* Material provided:
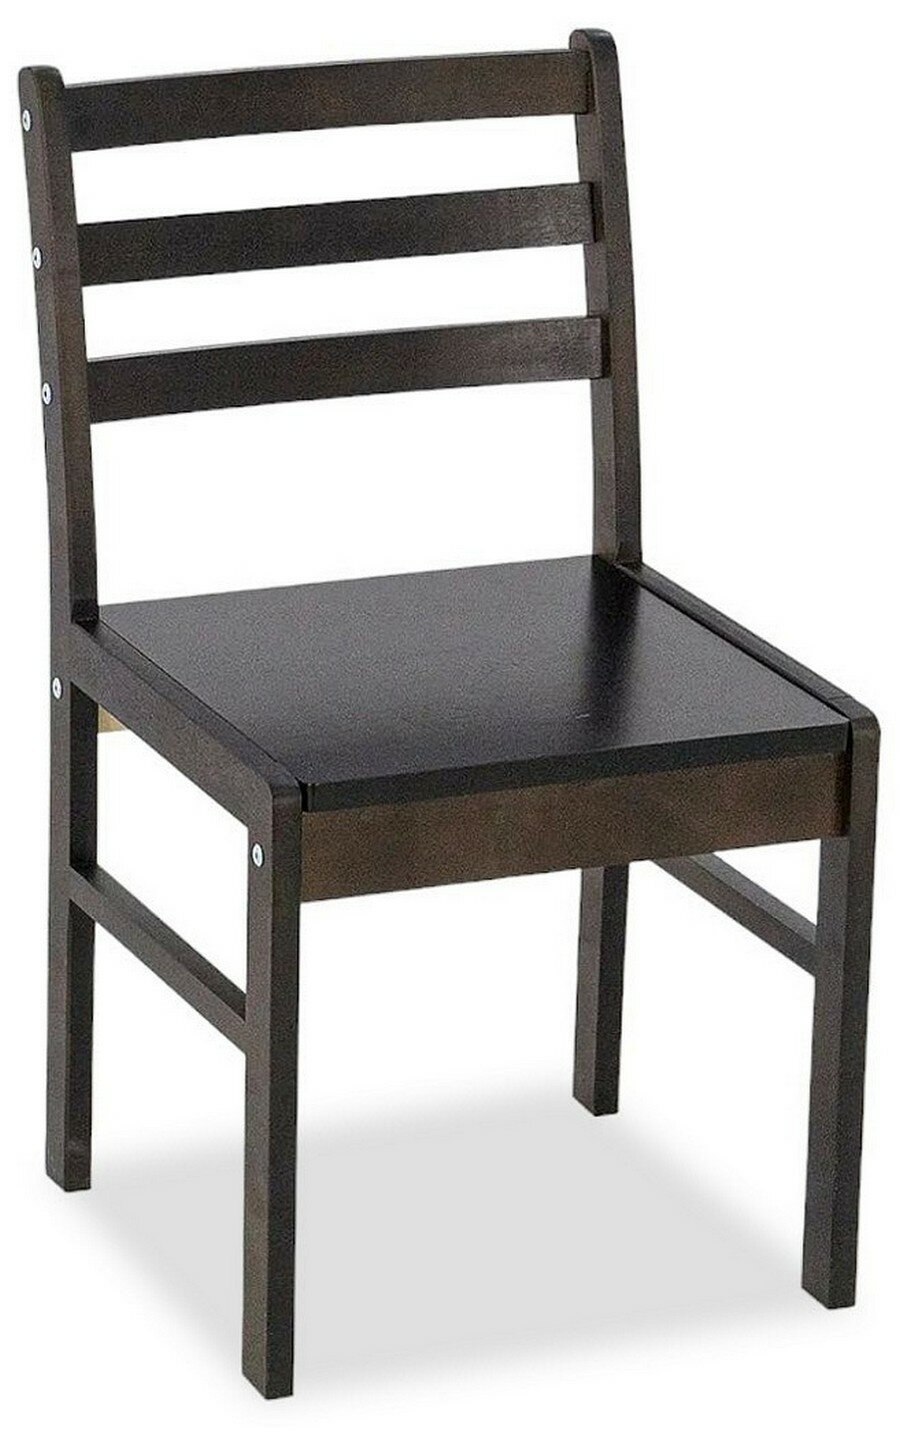 Деревянный стул кухонный со спинкой без подлокотников. Цвет: белый
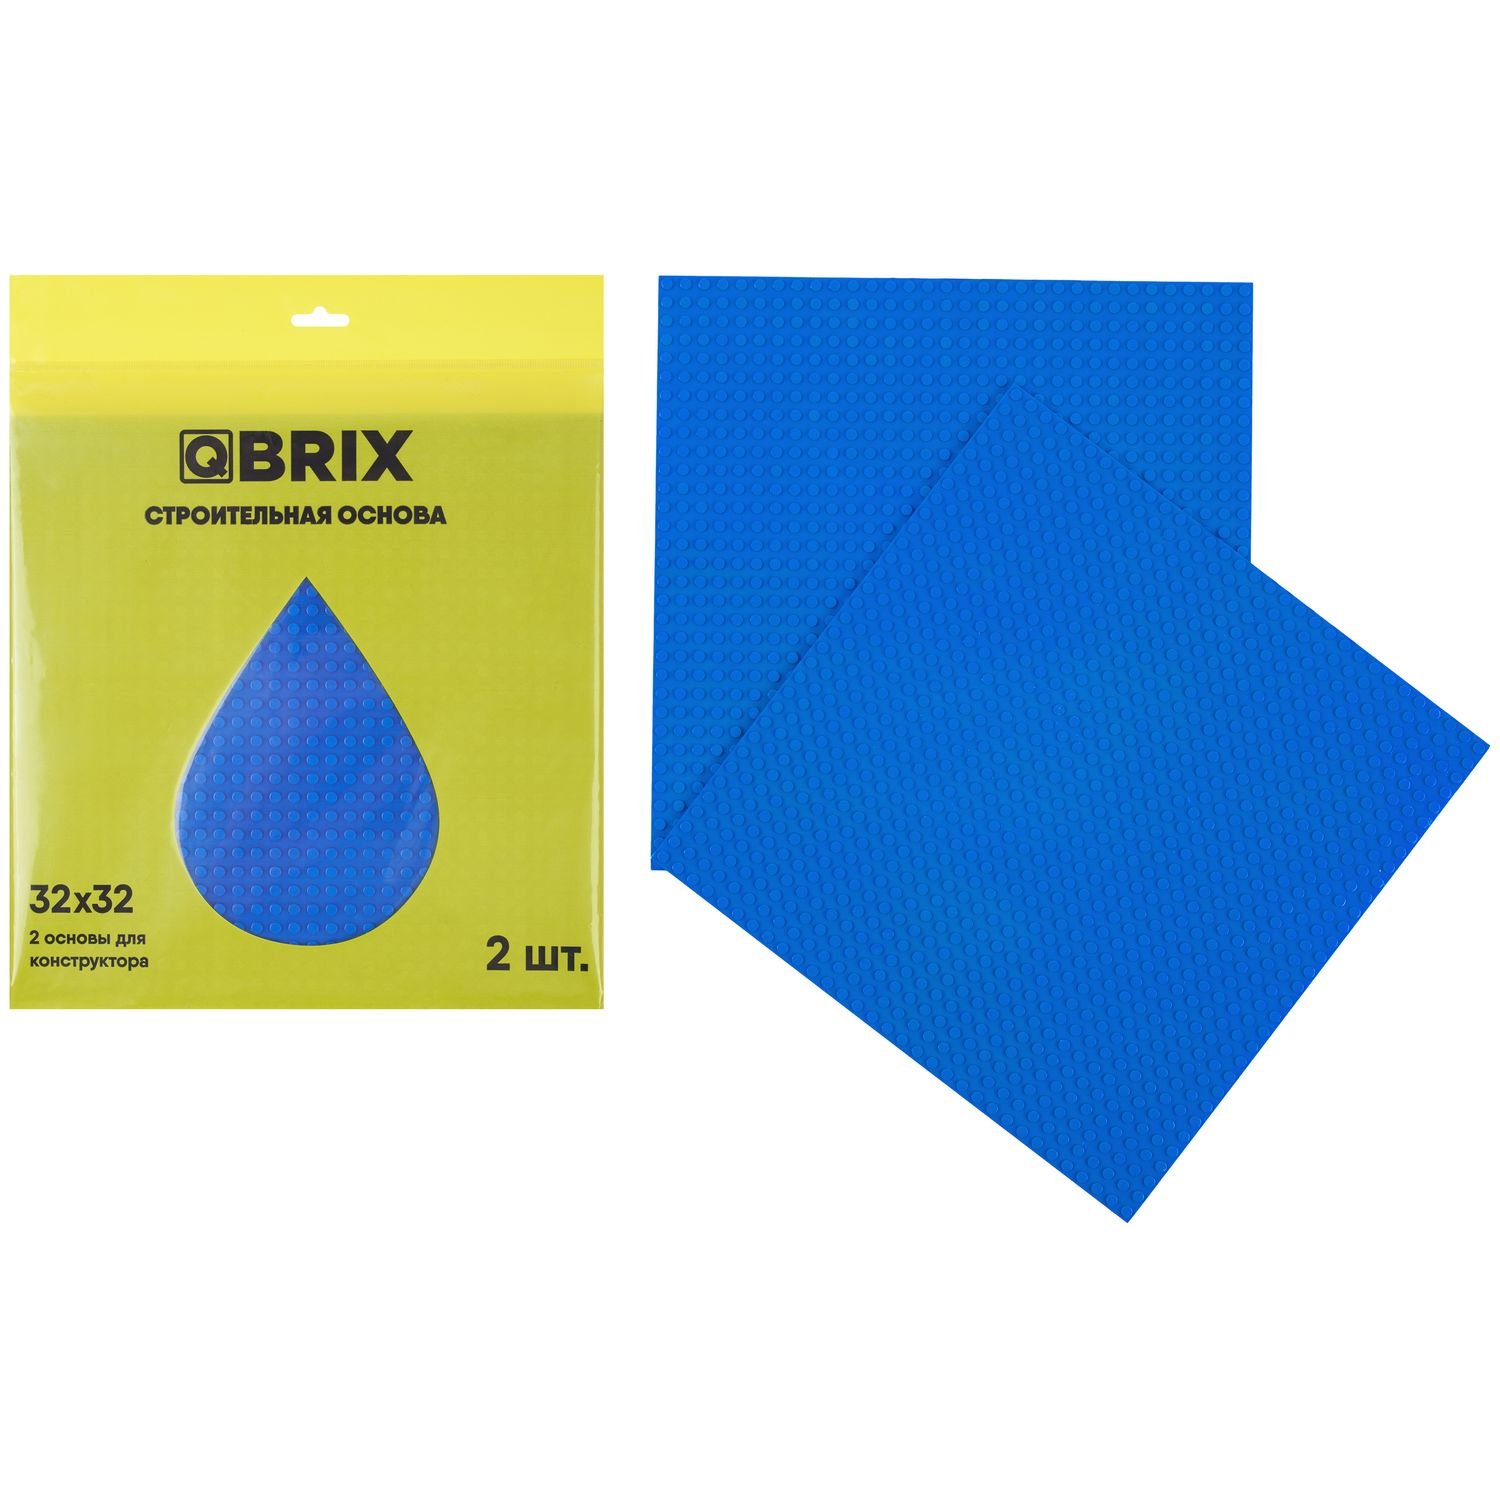 Строительная пластина QBRIX (набор из 2-х штук), цвет: синий QBRIX10002
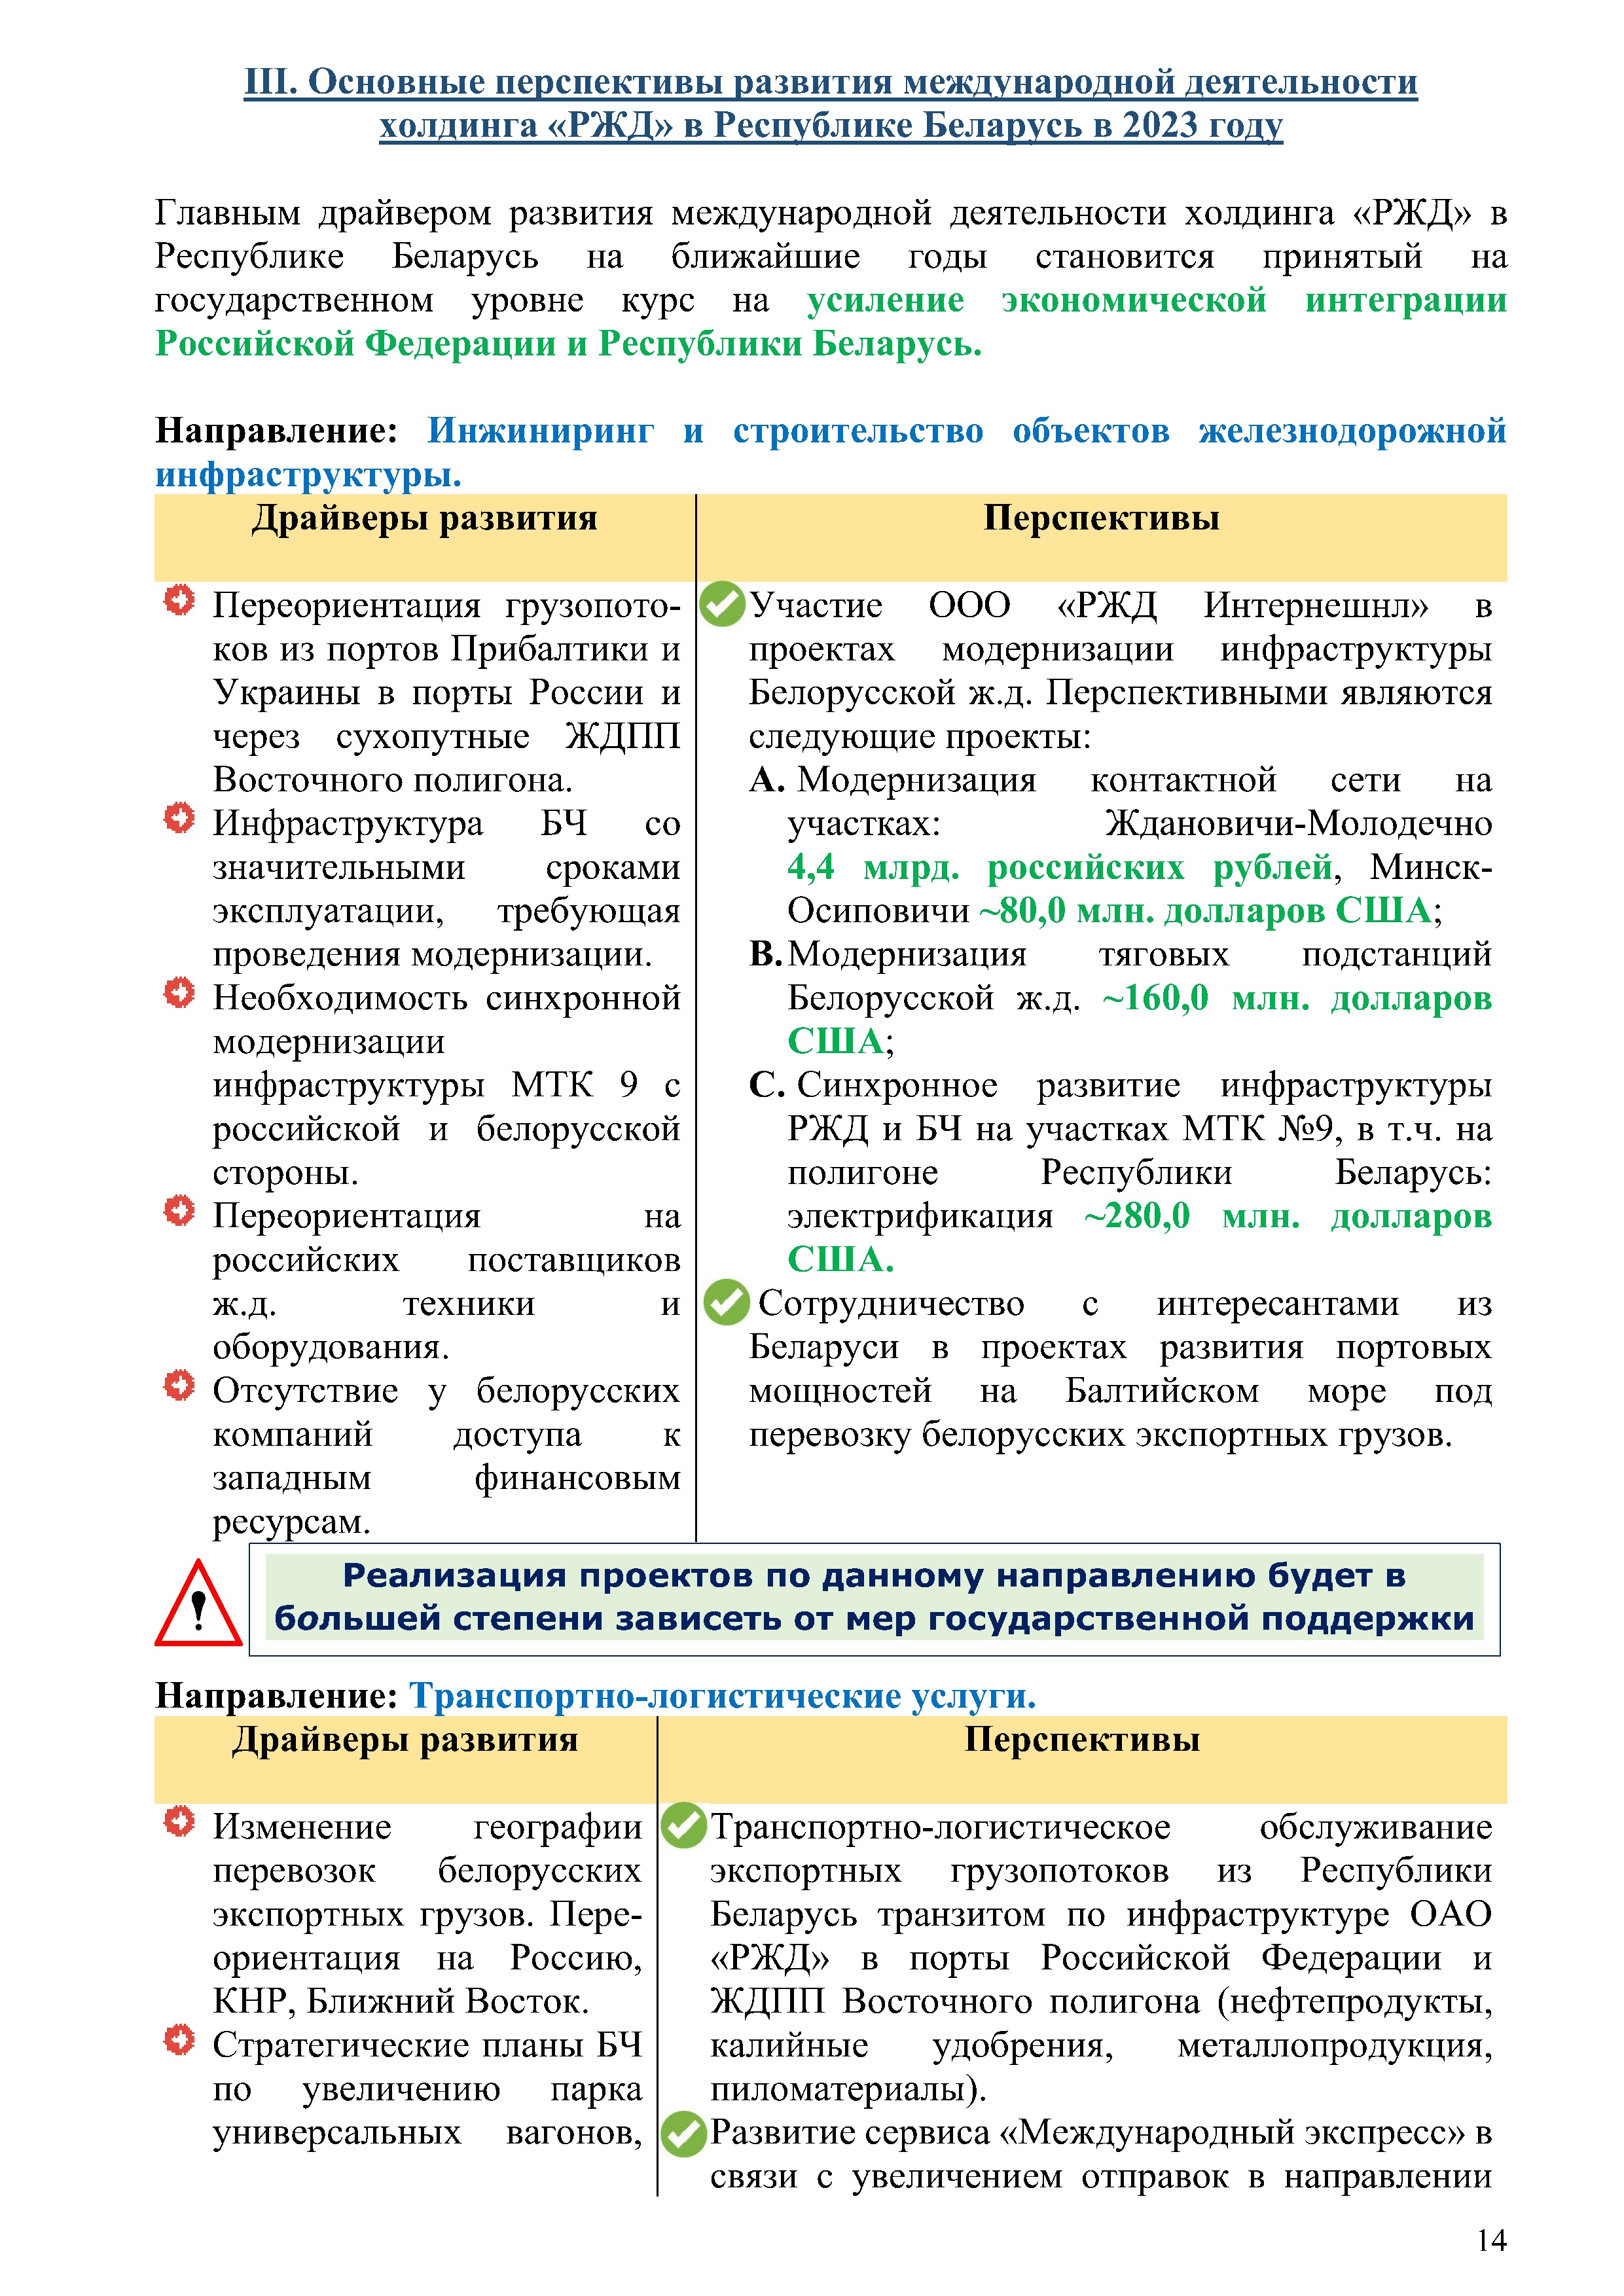 Отчет о работе представительства ОАО «РЖД» в Республике Беларусь за 2022 год (Страница 13)

* The problem:
Your reply should consist solely of the lines from the one containing "Строительная пластина QBRIX" through the last line of the material, reproduced exactly and without pictures.

* Result:
 Строительная пластина QBRIX (набор из 2-х штук), цвет: синий QBRIX10002
 Отчет о работе представительства ОАО «РЖД» в Республике Беларусь за 2022 год (Страница 13)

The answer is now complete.